Hopefully after this bulk change, future exports will have exactly what
we want to change.
- Update `synapse_xxx` (server-level) metrics to use
`server_name="$server_name",` instead of `instance="$instance"`
- Add `synapse_server_name_info` metric to map Synapse `server_name`s to
the `instance`s they're hosted on.
- For process level metrics, update to use `xxx * on (instance, job,
index) group_left(server_name)
synapse_server_name_info{server_name="$server_name"}`
All of the changes here are backwards compatible with whatever people
were doing before with their Prometheus/Grafana dashboards.

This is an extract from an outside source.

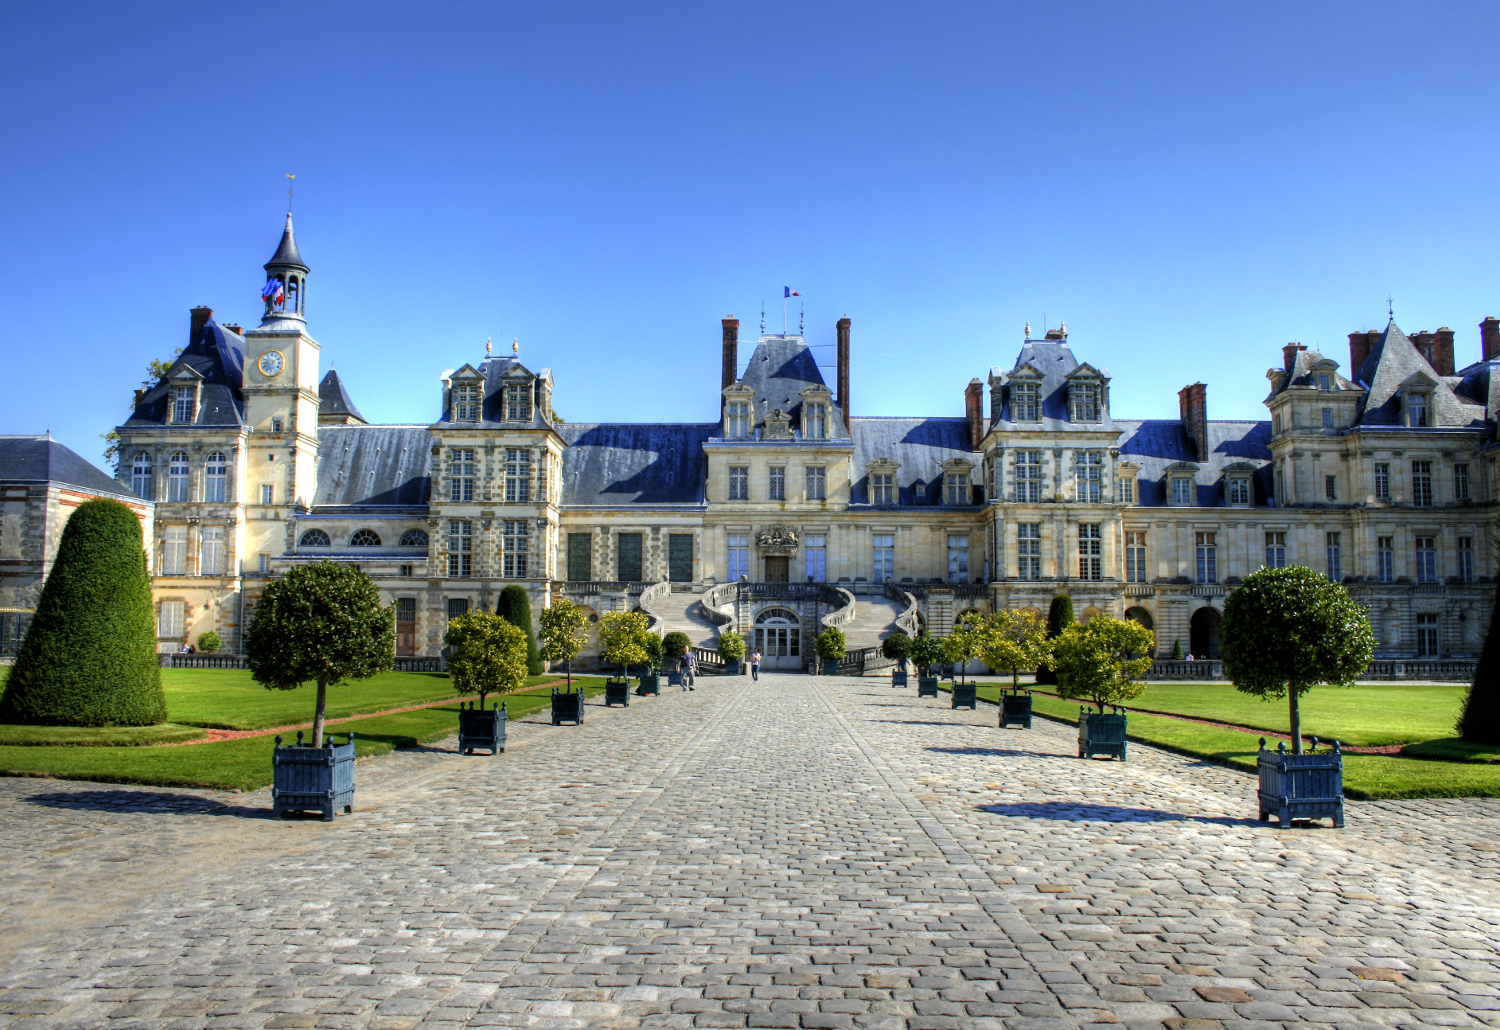 Chateau de Fontainebleau, #France #travel #best #photos and #places

Previously, the recommendation was to use the `instance` label to group
everything under the same server (803e4b4d88/docs/metrics-howto.md (L93-L147))
But the `instance` label actually has a special meaning and we're
actually abusing it by using it that way:
> `instance`: The `<host>:<port>` part of the target's URL that was
scraped.
>
> *--
https://prometheus.io/docs/concepts/jobs_instances/#automatically-generated-labels-and-time-series*
Since https://github.com/element-hq/synapse/issues/18592 (Synapse
`v1.139.0`), we now have the `server_name` label to use instead.
---
Additionally, the assumption that a single process is serving a single
server is no longer true with [Synapse Pro for small
hosts](https://docs.element.io/latest/element-server-suite-pro/synapse-pro-for-small-hosts/overview/).
Part of https://github.com/element-hq/synapse-small-hosts/issues/106
### Motivating use case
Although this change also benefits [Synapse Pro for small
hosts](https://docs.element.io/latest/element-server-suite-pro/synapse-pro-for-small-hosts/overview/)
(https://github.com/element-hq/synapse-small-hosts/issues/106), this is
actually spawning from adding Prometheus metrics to our workerized
Docker image (https://github.com/element-hq/synapse/pull/19324,
https://github.com/element-hq/synapse/pull/19336) with a more correct
label setup (without `instance`) and wanting the dashboard to be better.
### Testing strategy
1. Make sure your firewall allows the Docker containers to communicate
to the host (`host.docker.internal`) so they can access exposed ports of
other Docker containers. We want to allow Synapse to access the
Prometheus container and Grafana to access to the Prometheus container.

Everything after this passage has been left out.